つみたてNISAハック
(画像=ZUU online編集部)
つみたてNISAハック大全
中野 晴啓(なかの はるひろ)
セゾン投信株式会社 代表取締役社長。1987年、現在の株式会社クレディセゾン入社。関連会社で債券ポートフォリオの運用を手がけた後、投資顧問事業を立ち上げ運用責任者としてグループ資金の運用や海外契約資産等の運用をアドバイスした。2006年セゾン投信株式会社設立。「セゾン資産形成の達人ファンド」は数々のファンドアワードで最優秀ファンドを受賞。顧客数13万8千人、預かり資産額は2,300億円超。一般社団法人 投資信託協会理事 公益財団法人 セゾン文化財団理事。著書に『お金のウソ』(ダイヤモンド社)、『はじめての人が投資信託で成功するたった1つの方法』(アスコム)などがある。

このコラムをずっと読んでいただいた皆さんは、つみたてNISA(少額投資非課税制度)を活用して行動することを、社会環境の変化に鑑みた目的から理解してもらえたと思います。世界経済の滔々(とうとう)たる成長軌道の中でお金をゆっくり育てていくことの合理性や、商品選びをしていく中で注意すべきポイントも知っていただけたはずです。

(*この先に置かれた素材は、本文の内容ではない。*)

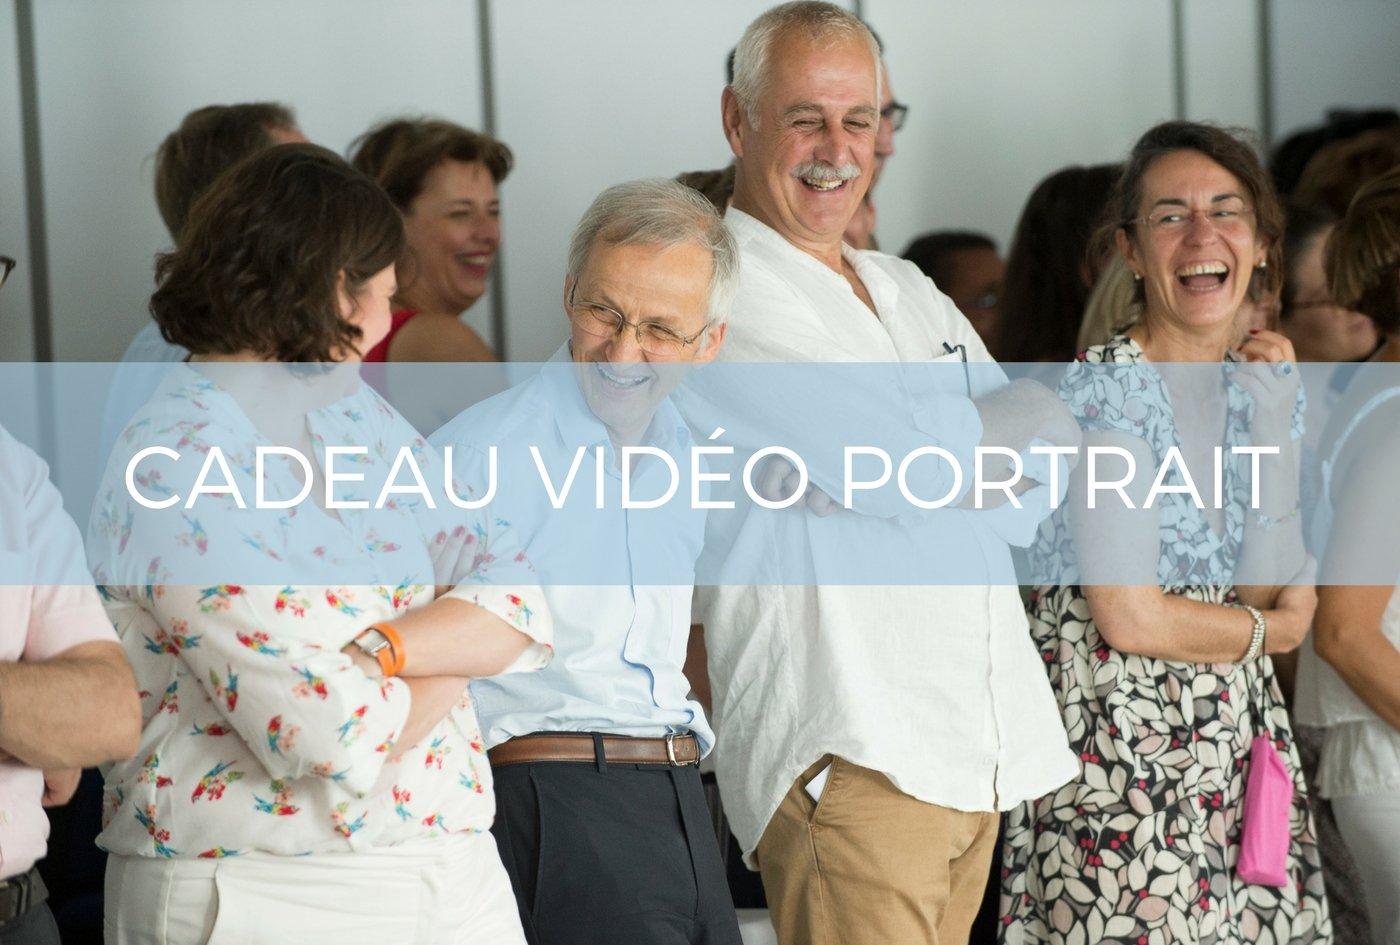 idée cadeau collègue cadeau vidéo retraite départ collègue film vidéo original souvenirs carrière célébration team building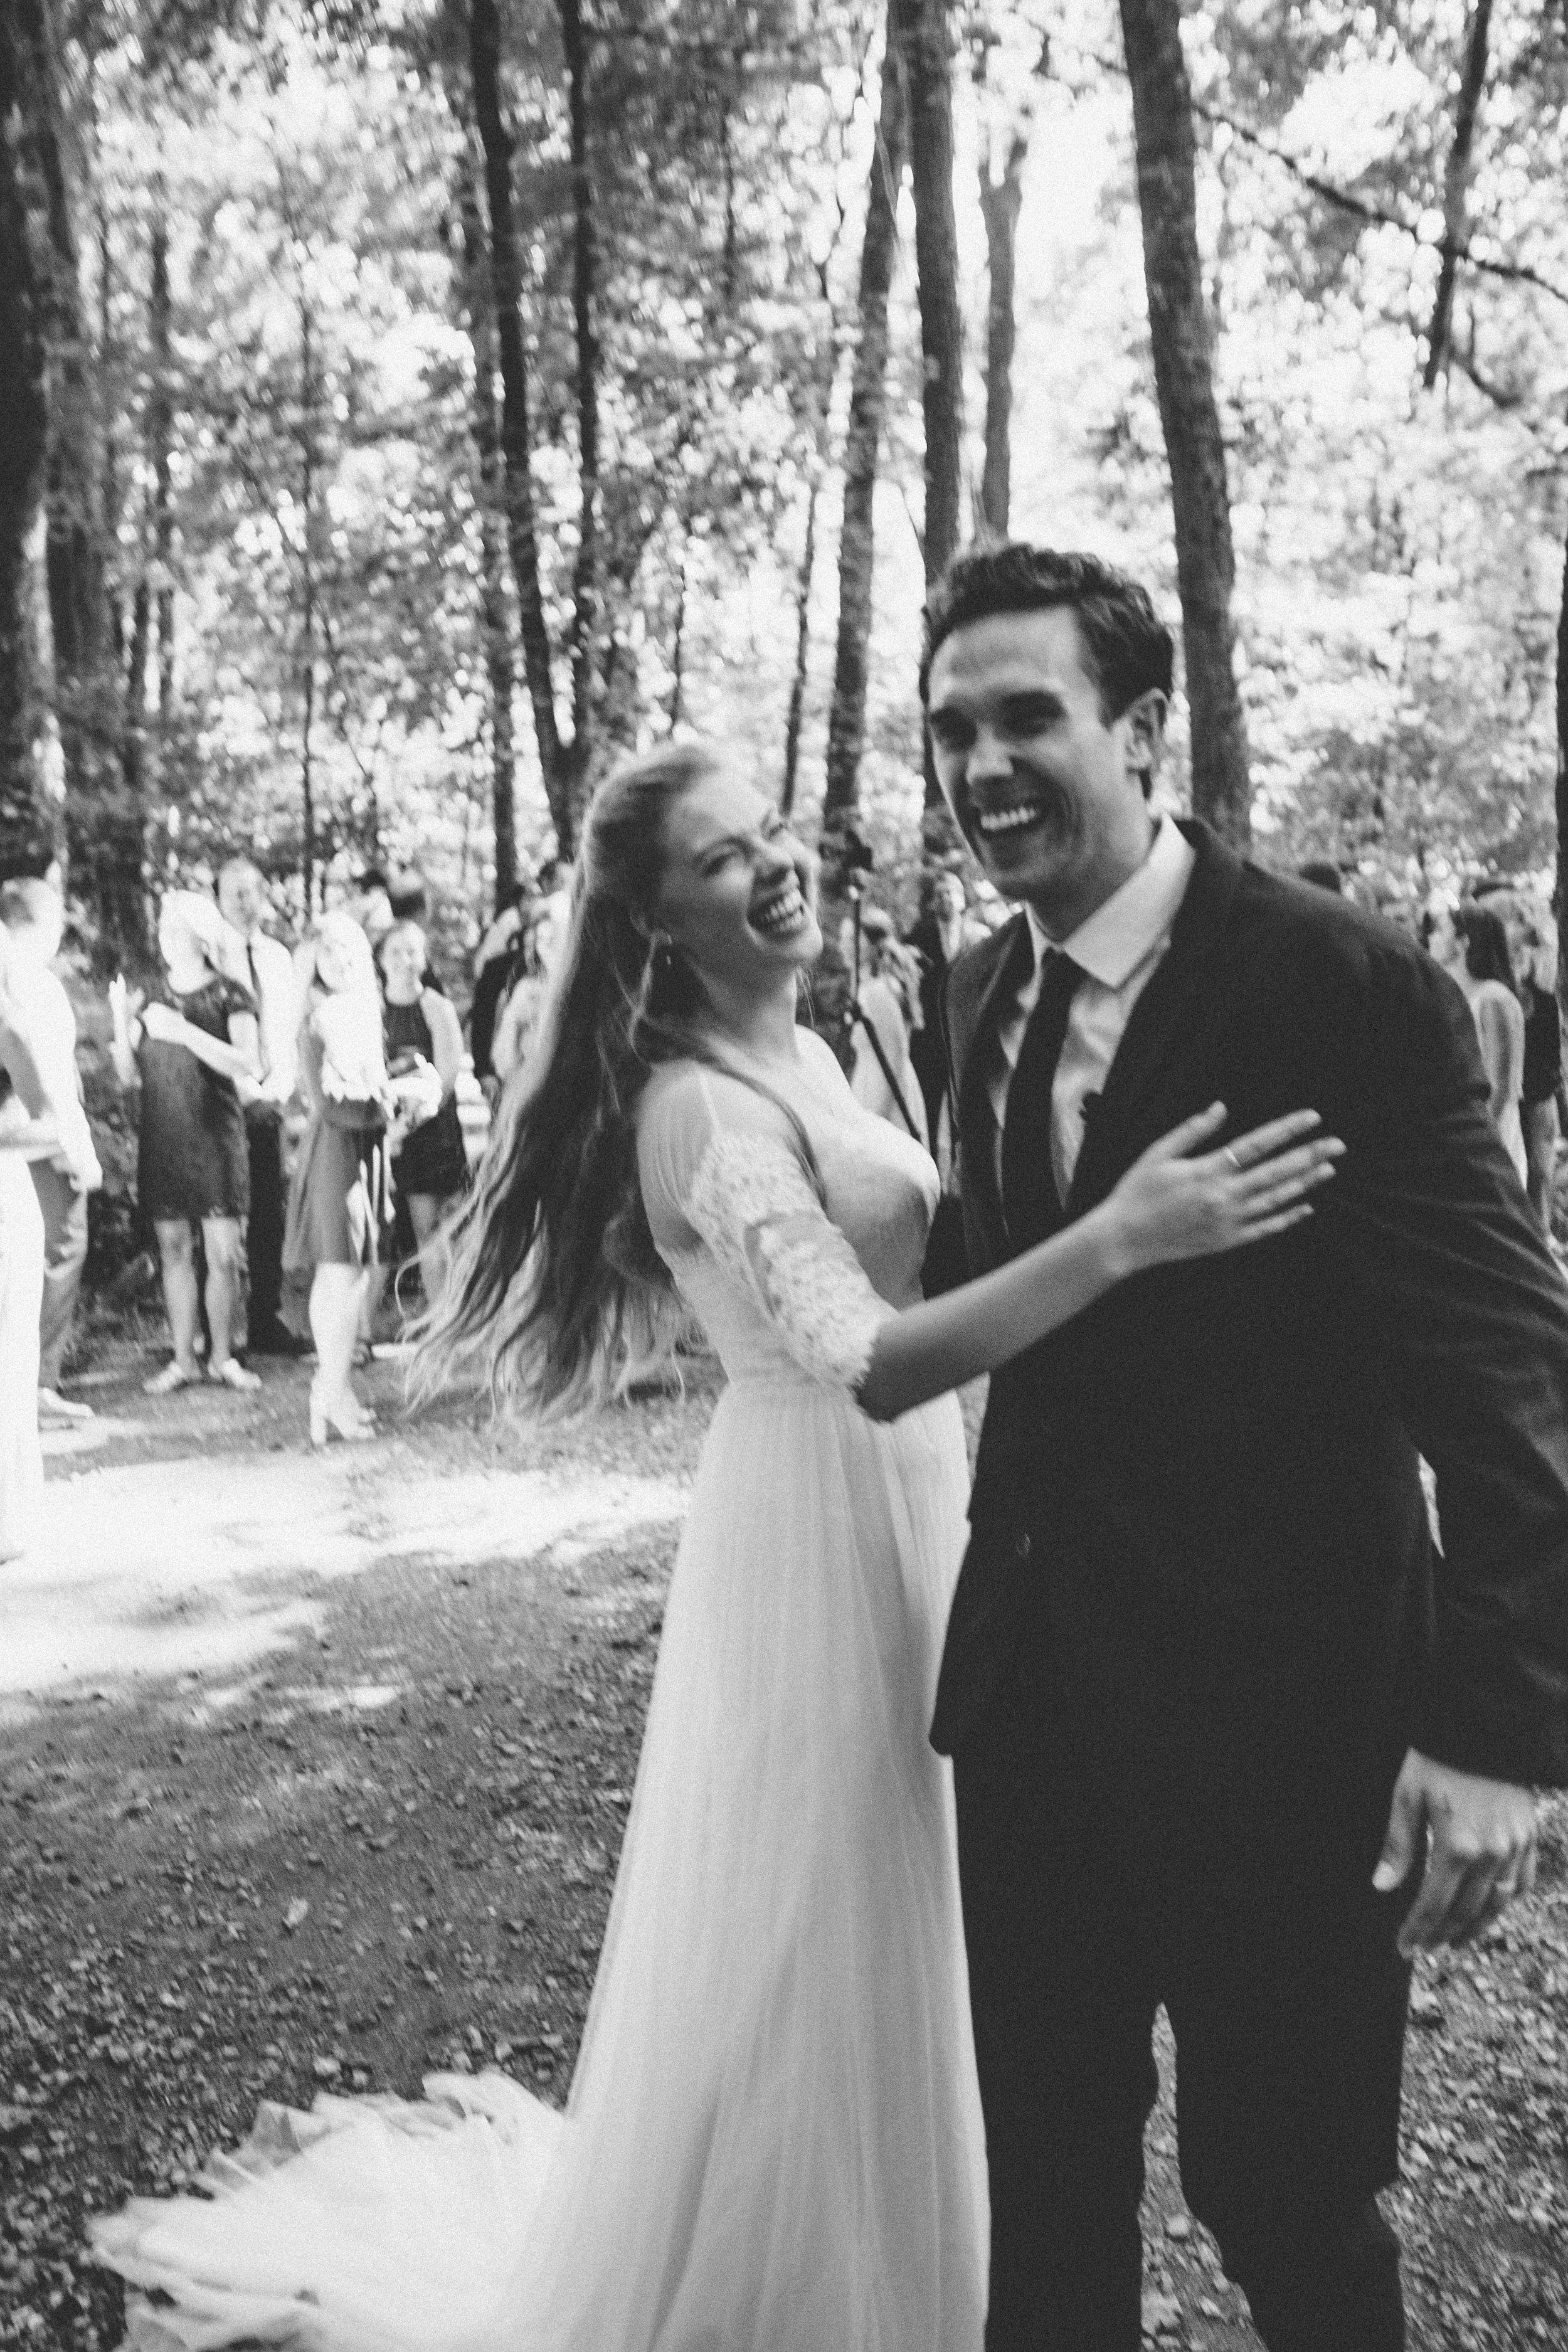 samlandreth-atlanta-wedding-625.jpg

ここで改めて、つみたてNISAをスタートさせるにあたり、万人に普遍と考えられる商品選択の条件を改めて整理しましょう。

1. 国際分散投資

商品選びの大前提はやはり投資対象からです。このコラムでは一貫して世界の経済成長を養分に、20年しっかり積立投資を継続しながら、ゆっくりとお金を育てていくことを提唱してきた通り、まずは世界全体にお金を分けて働きに出す国際分散投資を運用方針に据えている投資信託をセレクトしてください。株式と債券を中心に複数の資産クラスを組み合わせたバランス型なら途中の値動き幅は安定し、株式100%のファンドなら成長養分をしっかり享受できるはずです。

2. 日本株の比率は3分の1以下

国際分散ポートフォリオでも、日本人用にと日本資産の比率が相対的に高い商品が多くラインナップされています。成長期待が乏しいと言わざるを得ない日本の比率が少なくとも3分の1以下のものを選んで、海外のより高い成長期待の恩恵がしっかり受けられるものを選びましょう。

3. 日本株が入っているもの

一方で、いくら日本の成長力が弱かったという過去20年余りの現実を踏まえても、日本は世界第3の経済大国、決して無視すべきではありません。国際分散型でも日本を除くタイプの商品はやっぱり逆のバイアスがかかり過ぎでしょう。日本にも一定比率は投資されているものを選択すべきです。

4. 為替ヘッジなし

海外資産の投資には円と現地通貨との為替変動リスクが伴いますが、これを円ベースにヘッジしてしまうと期待リターンも円建て、即ち日本の低成長軌道を被せてしまうことと同義となり、世界経済の期待成長力を削ぐことになってしまいます。せっかく国際分散投資で世界経済の成長力を取り込むのですから、あえて為替ヘッジなしの商品を選択して、為替リスクは成長期待の源泉のひとつと捉えましょう。

5. 純資産残高50億円以上

つみたてNISAの登録商品の多くはインデックスファンドですが、その大半がこの制度のために新設されたものです。既に人気となって資金流入が積み上がっているものもありますが、一方で国際分散型でもほとんど資金流入がない棚ざらしの商品もけっこう存在しています。

できれば商品選択には一定期間の運用実績があるものが好ましいですが、少なくとも既に50億円以上の運用残高を有しているものから選択するのが無難です。残高が少ないままの商品は運用会社の維持コストが賄えず、やむなく中途償還されてしまう可能性があるため、わざわざ運用規模の小さいものを選択することは避けましょう。

ちなみにアクティブ系ファンドは金融庁への届出要件に残高50億円以上と5年超の運用実績、さらには運用期間中3分の2以上の期間資金純流入があることなどが追加して課せられているので、当該ポイントはクリアしています。